» **PROMPT**
Write out the data again exactly, skipping every picture.

» **SOURCE MATERIAL**
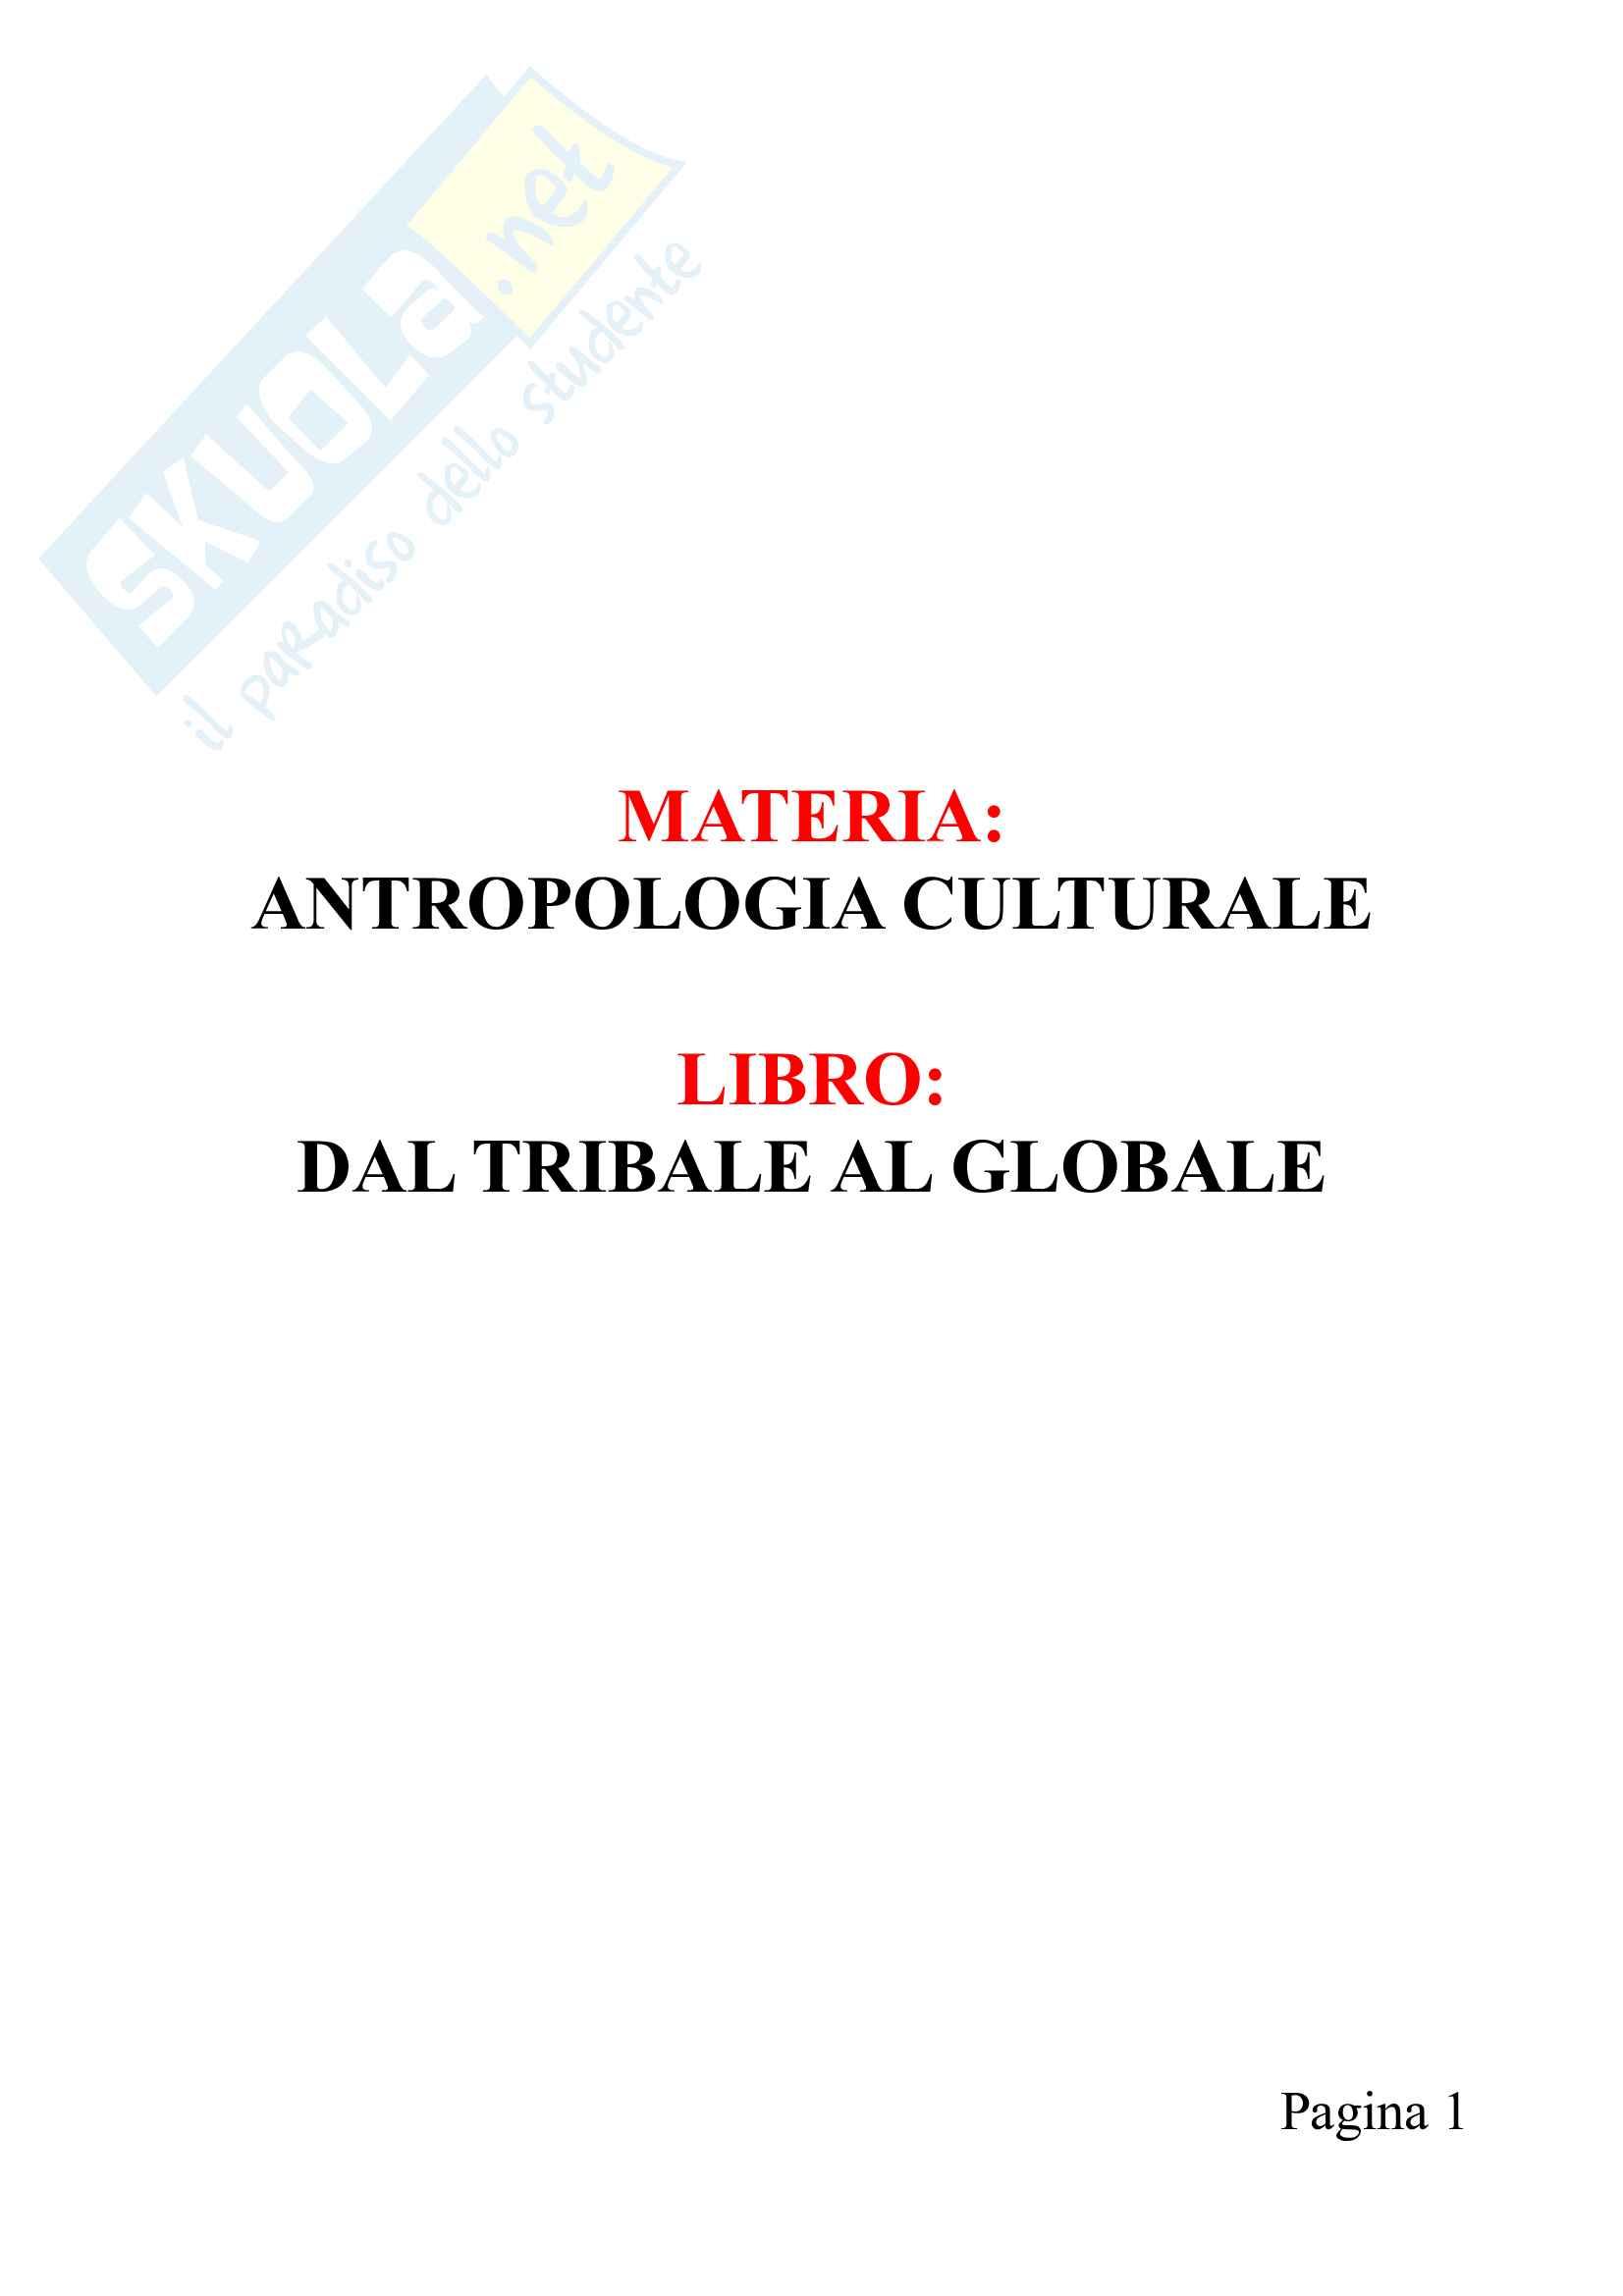 Riassunto esame Antropologia culturale, prof. De Vita,libro consigliato Dal tribale al globale,Mondadori
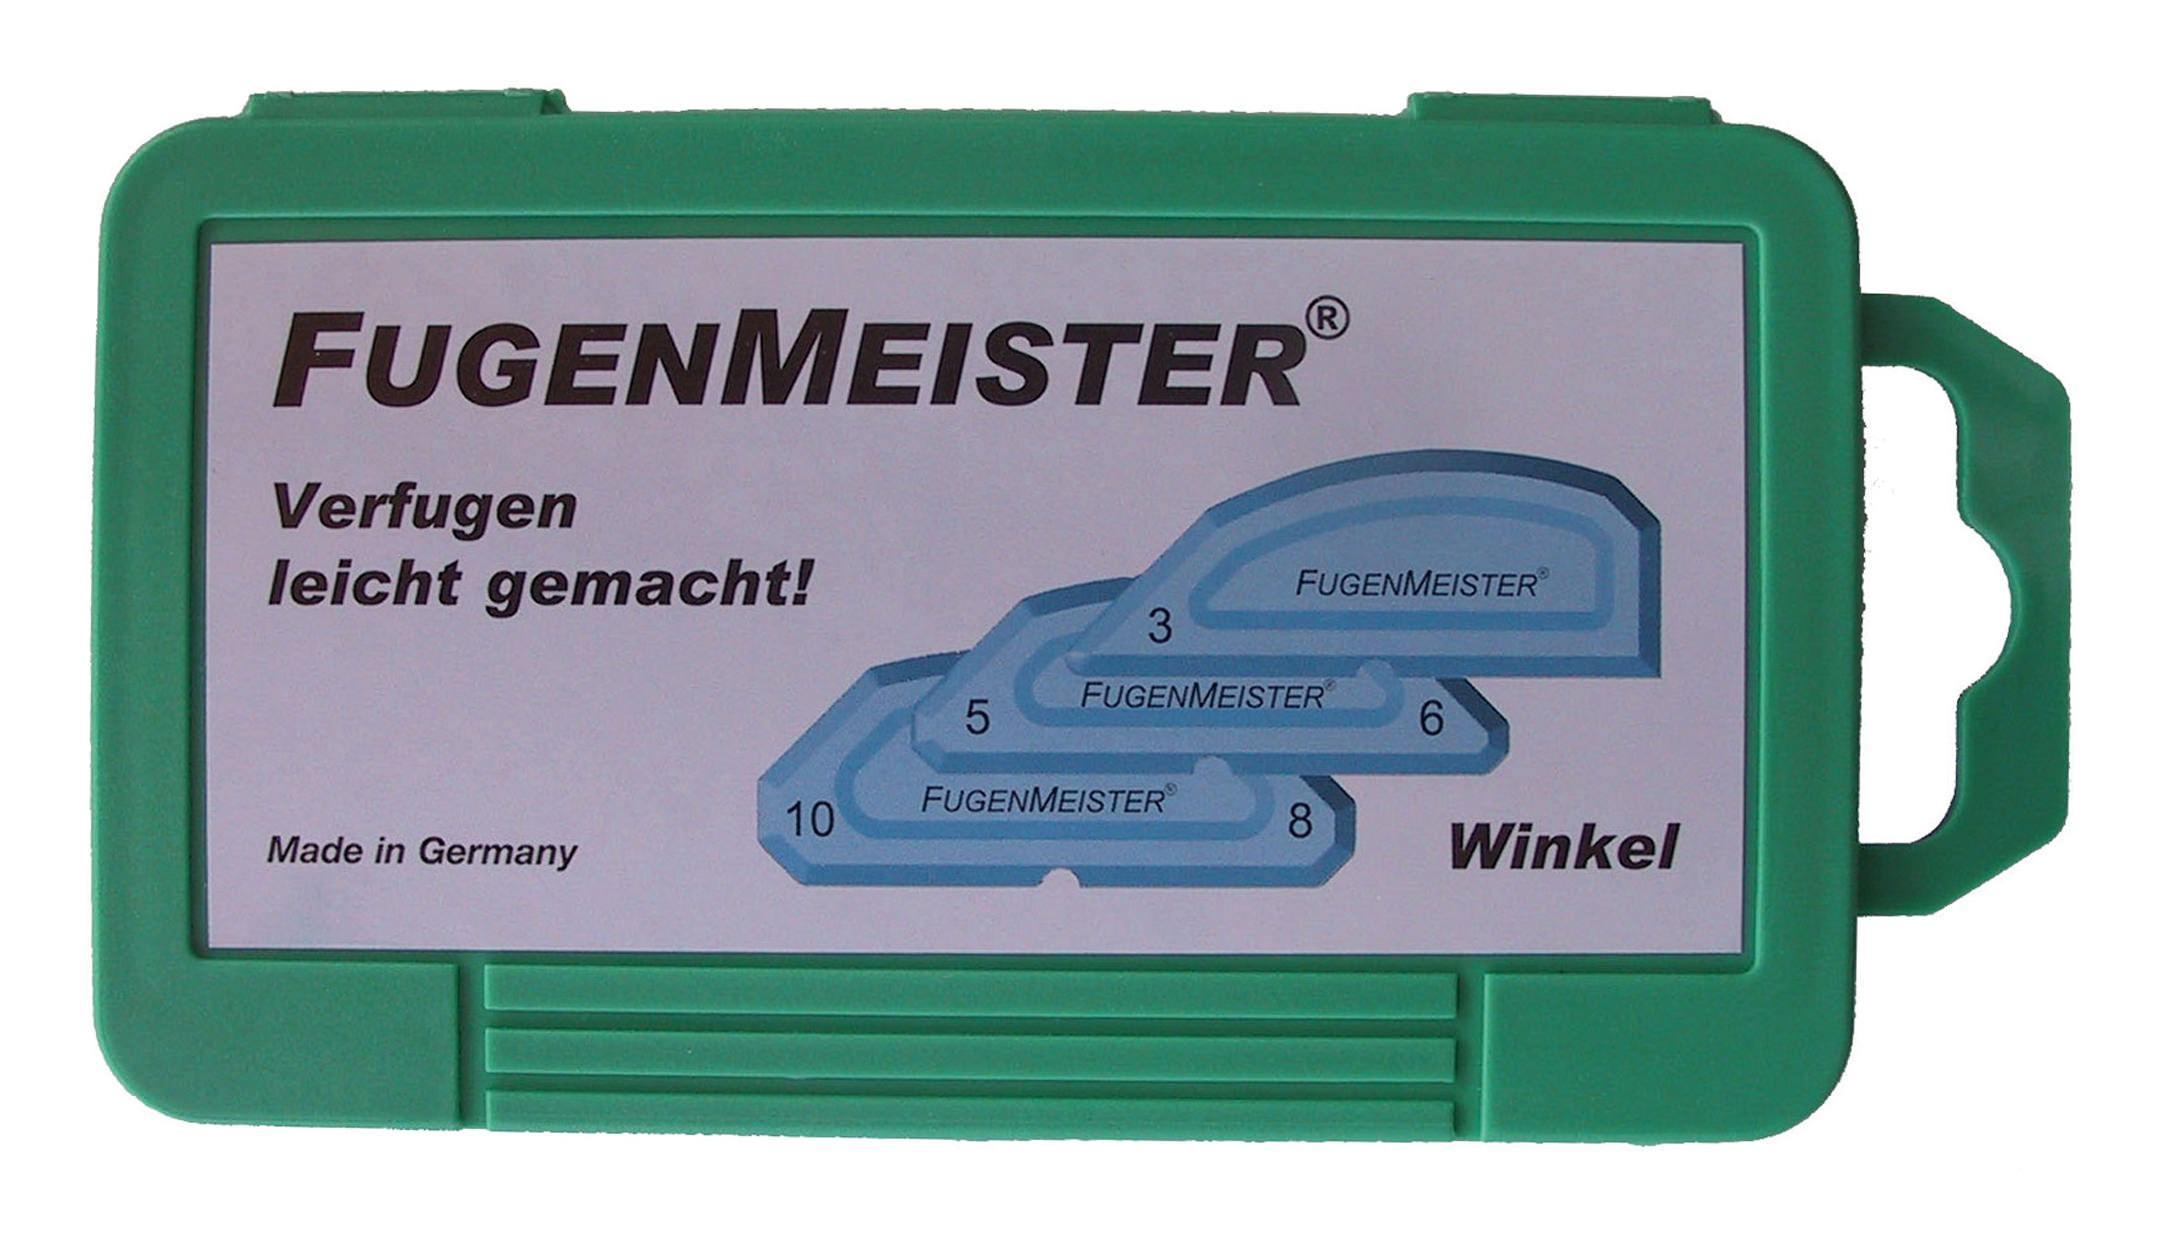 H&H Fugenmeister Winkel - W-03
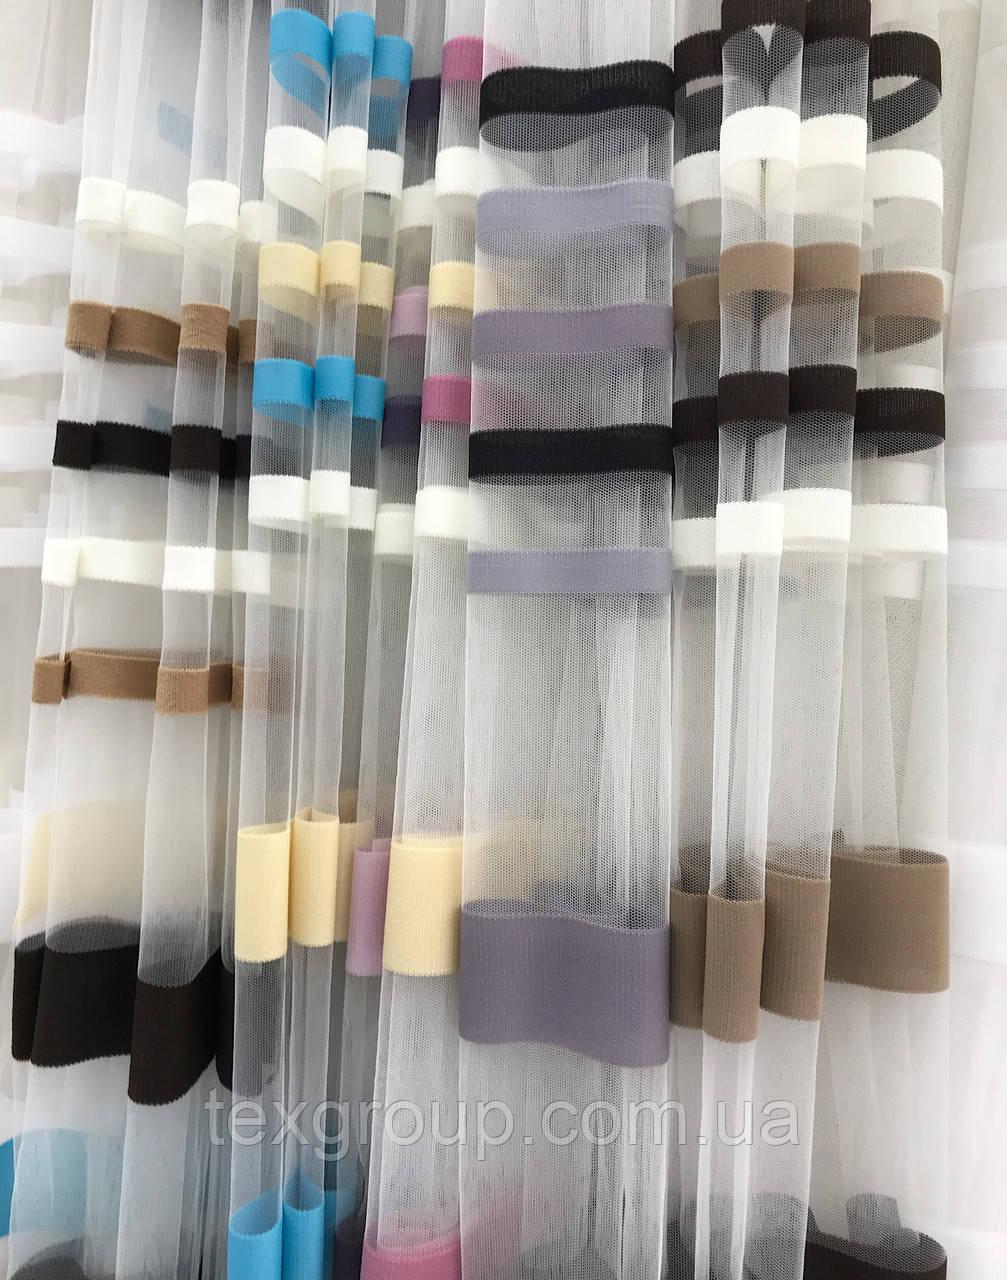 Фатиновая тюль ZAMBAK цветная полоска
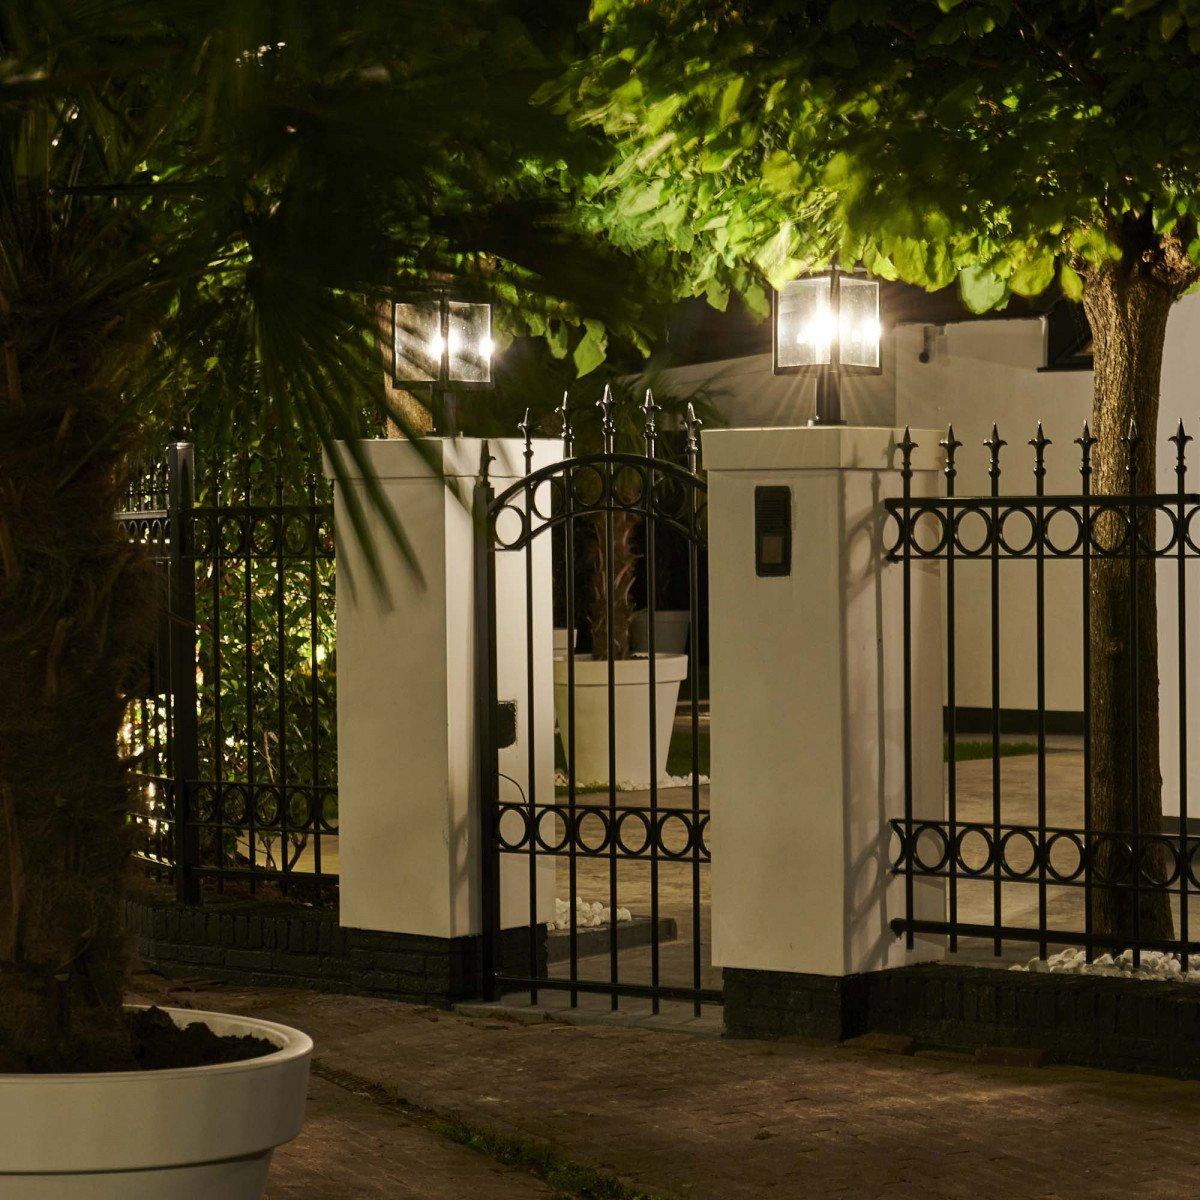 tuinlamp Vecht sokkel, strak klassieke tuinverlichting met heldere beglazing, stijlvolle klassieke buitenverlichting, tijdloos design, voor de moderne tuinen, terrasverlichting, buitenlamp voor het verlichten van een gemetselde kolom, pilaster, penant, po

» **TASK RESPONSE**
 Riassunto esame Antropologia culturale, prof. De Vita,libro consigliato Dal tribale al globale,Mondadori
 H&H Fugenmeister Winkel - W-03
 Фатиновая тюль ZAMBAK цветная полоска
 tuinlamp Vecht sokkel, strak klassieke tuinverlichting met heldere beglazing, stijlvolle klassieke buitenverlichting, tijdloos design, voor de moderne tuinen, terrasverlichting, buitenlamp voor het verlichten van een gemetselde kolom, pilaster, penant, po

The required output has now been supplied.